■ Problem details
Everything in the listing below needs restating exactly, apart from the pictures.

■ Collected material
★ ★ ★ ★ ★

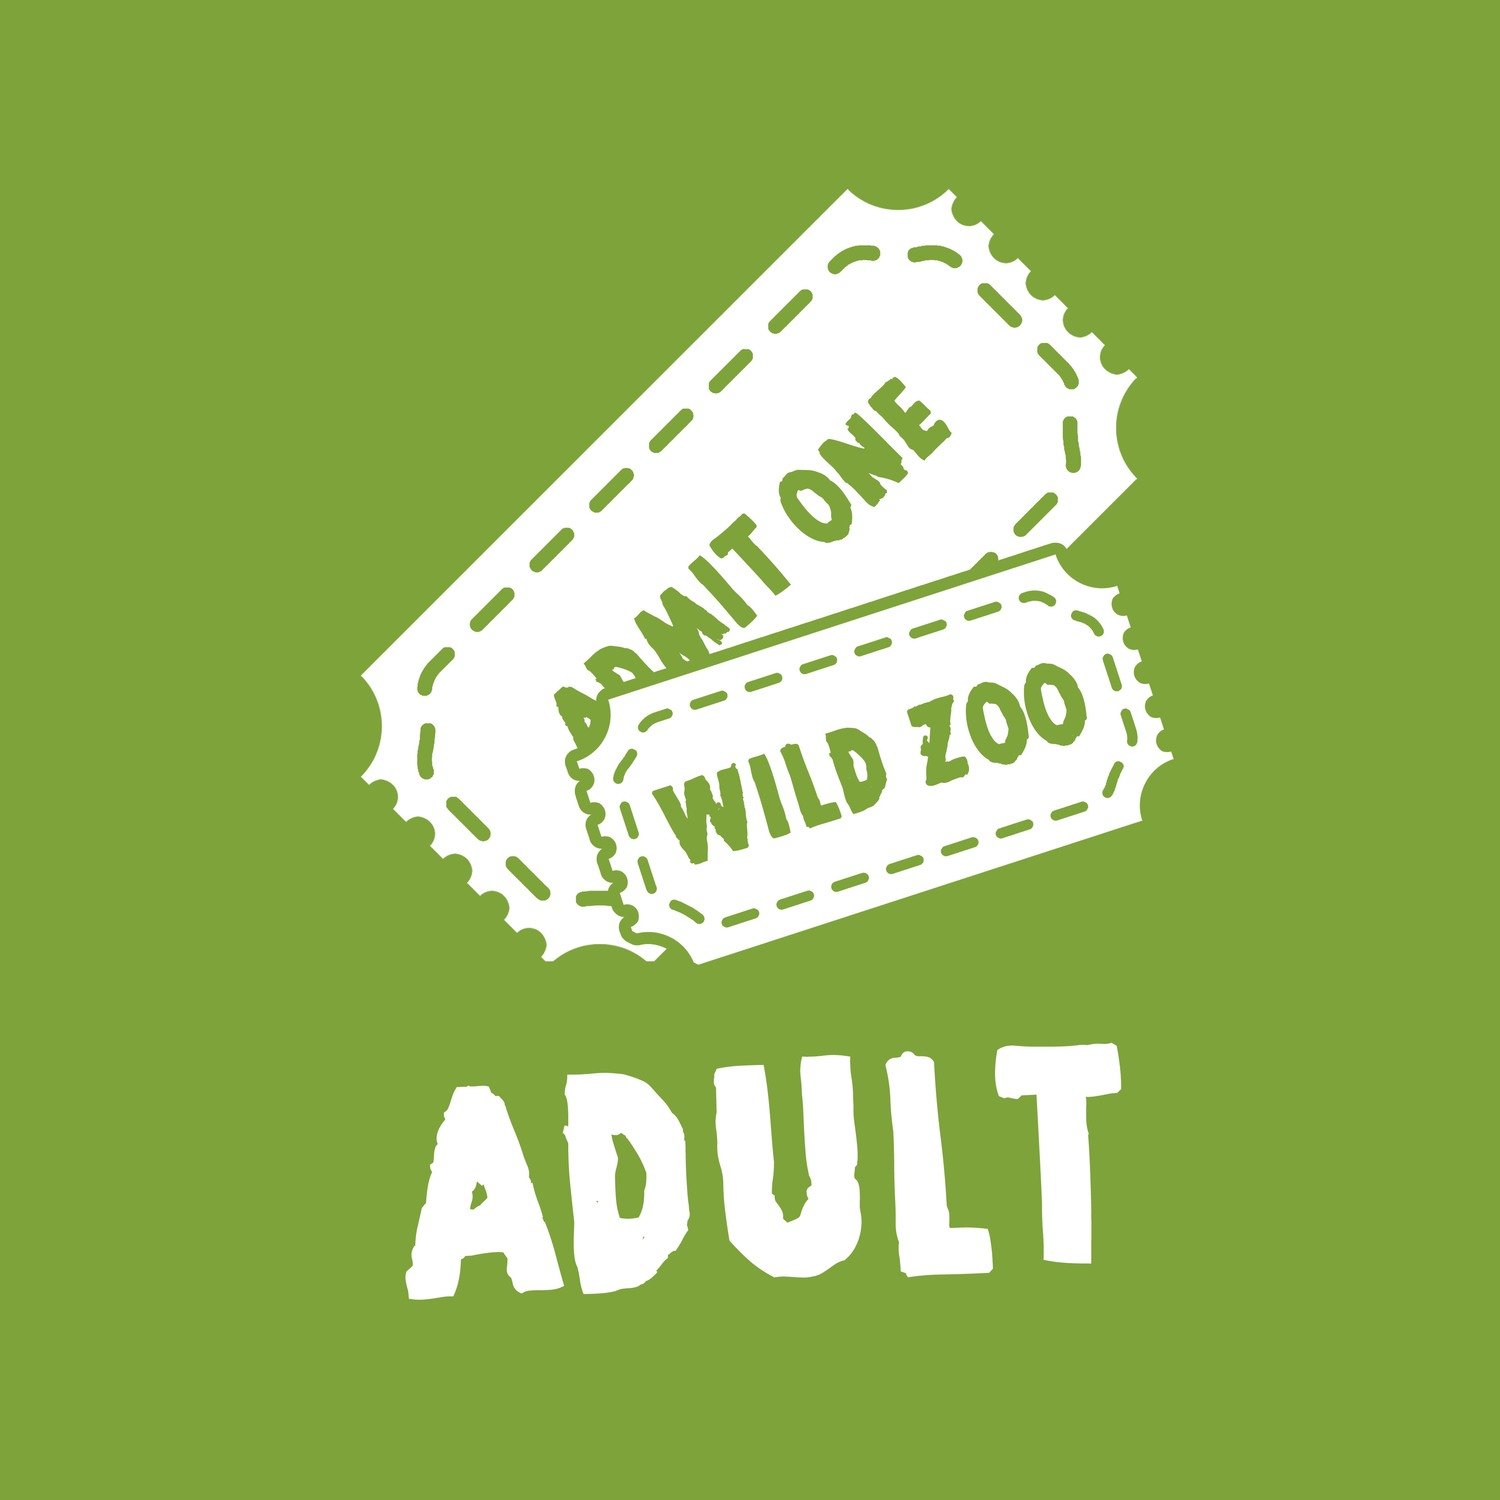 Wild Zoological Park X1 Adult Ticket ( Single Day Use )
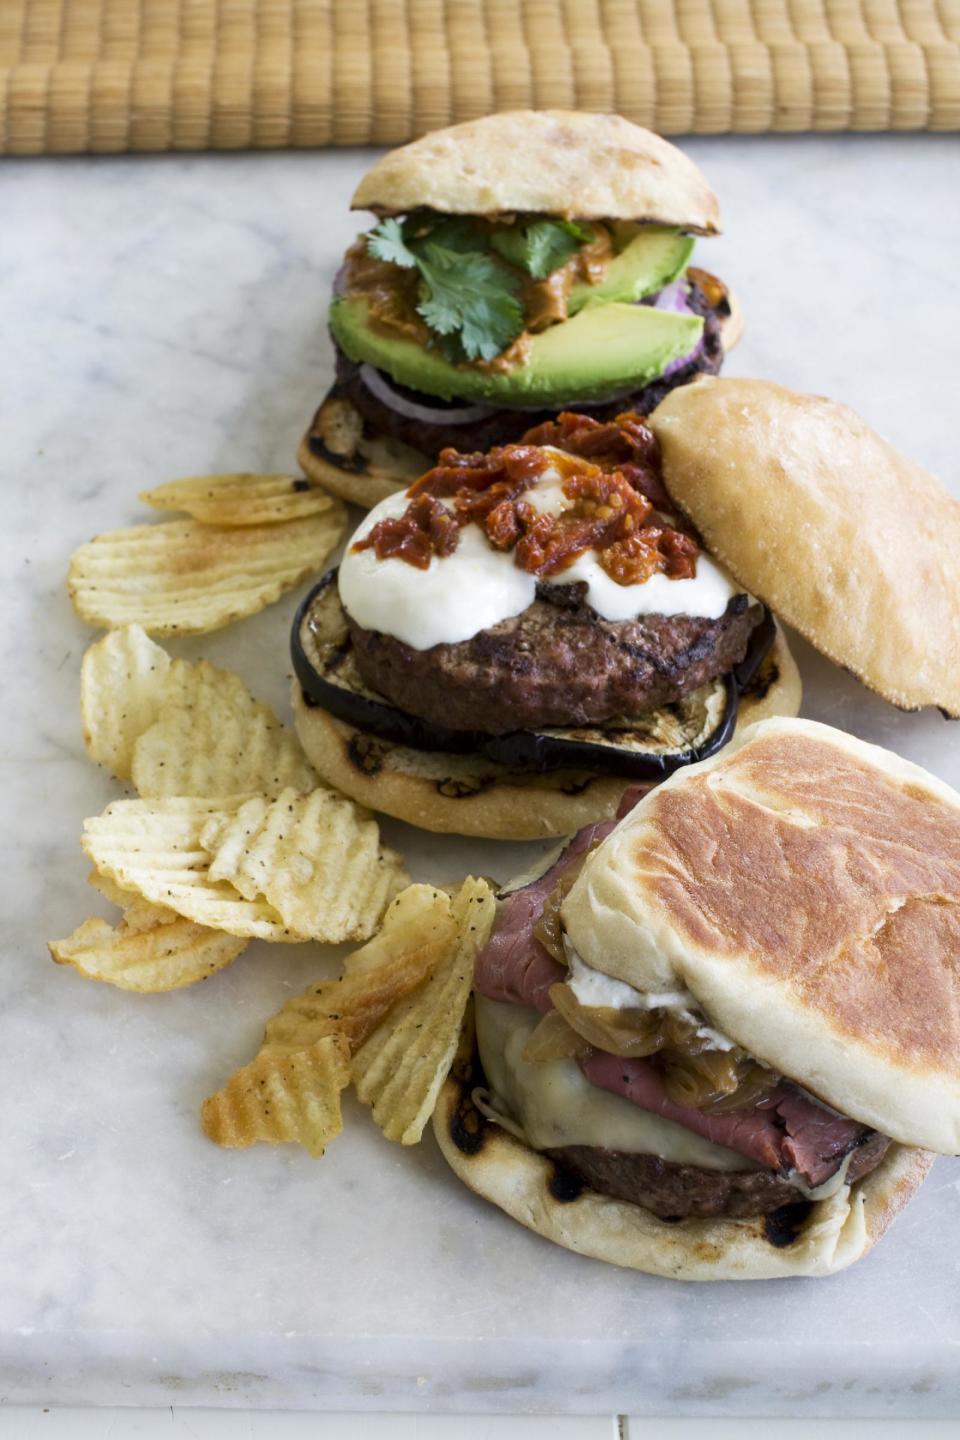 In this image taken on June 10, 2013, from front to rear, The New Yorker, The Eggplant Parm and The Thai, burgers are shown in Concord, N.H. (AP Photo/Matthew Mead)
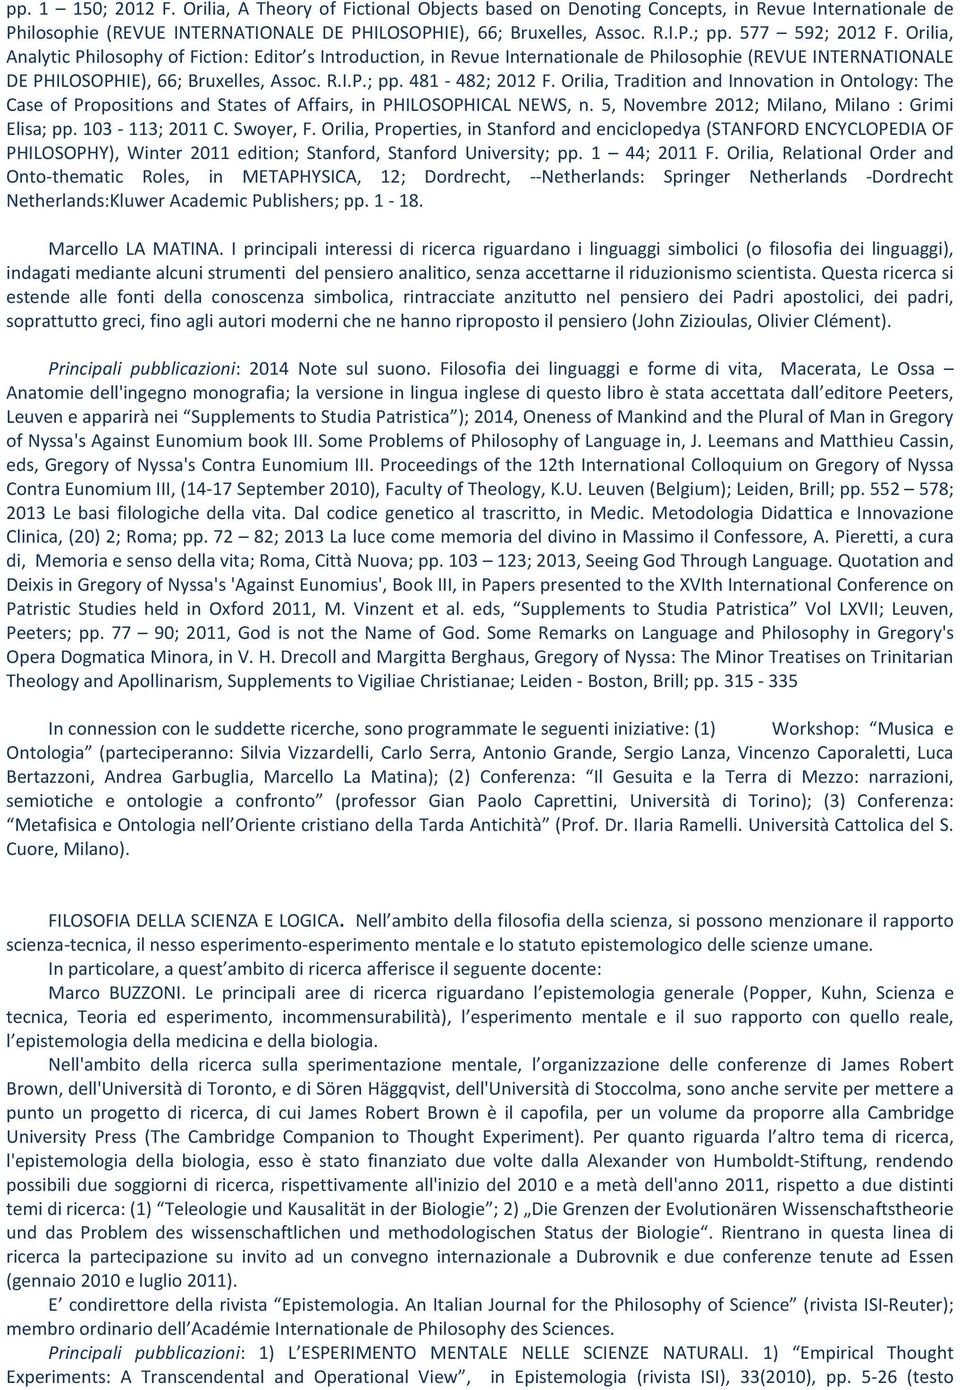 481-482; 2012 F. Orilia, Tradition and Innovation in Ontology: The Case of Propositions and States of Affairs, in PHILOSOPHICAL NEWS, n. 5, Novembre 2012; Milano, Milano : Grimi Elisa; pp.
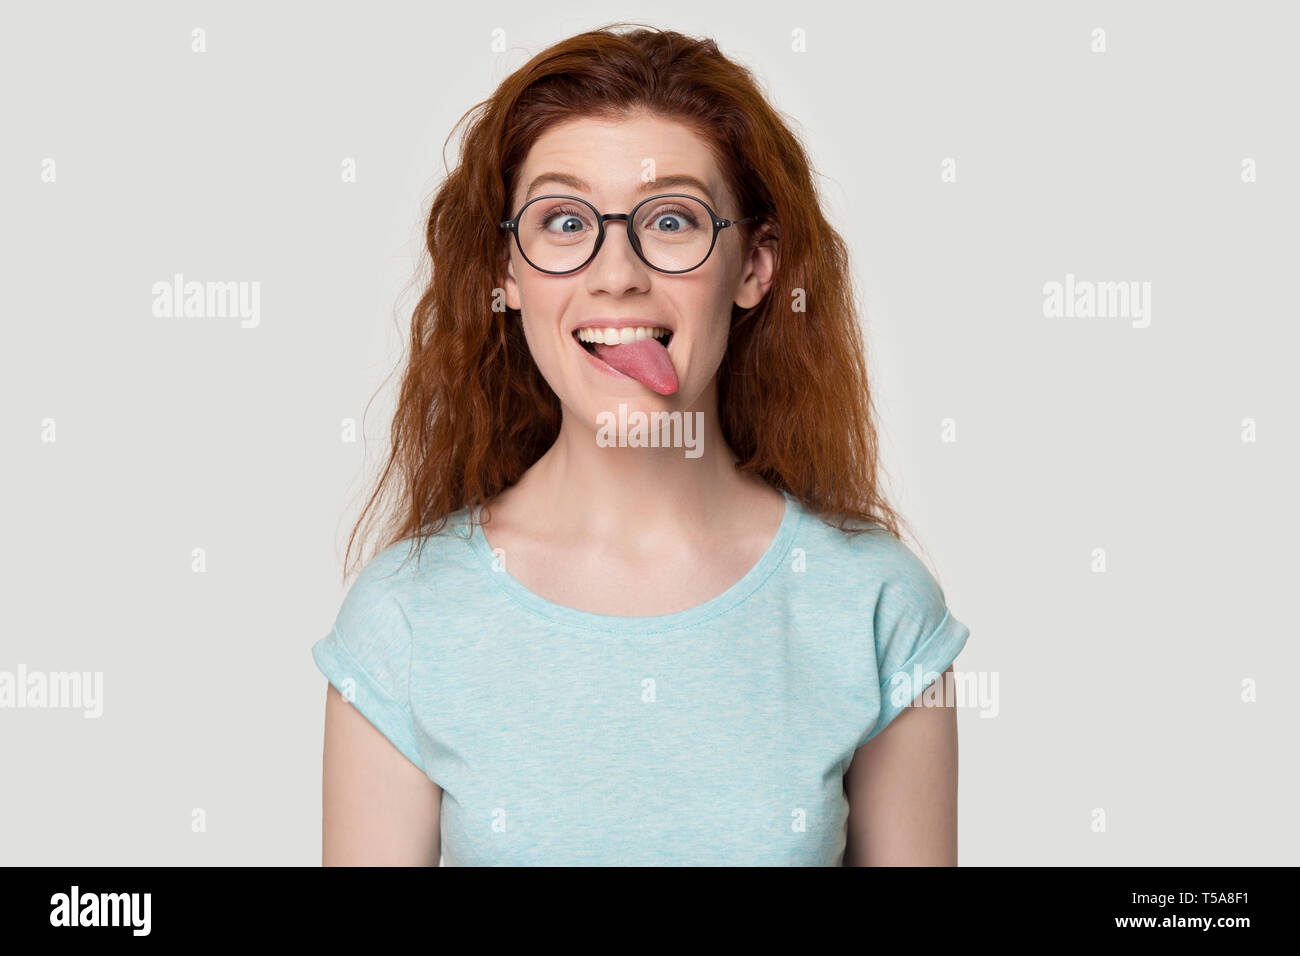 Funny red-haired girl in glasses play childish showing tongue Stock Photo

★ ★ ★ ★ ★

■ Completed exercise
 Wild Zoological Park X1 Adult Ticket ( Single Day Use )
 In this image taken on June 10, 2013, from front to rear, The New Yorker, The Eggplant Parm and The Thai, burgers are shown in Concord, N.H. (AP Photo/Matthew Mead)
 481-482; 2012 F. Orilia, Tradition and Innovation in Ontology: The Case of Propositions and States of Affairs, in PHILOSOPHICAL NEWS, n. 5, Novembre 2012; Milano, Milano : Grimi Elisa; pp.
 Funny red-haired girl in glasses play childish showing tongue Stock Photo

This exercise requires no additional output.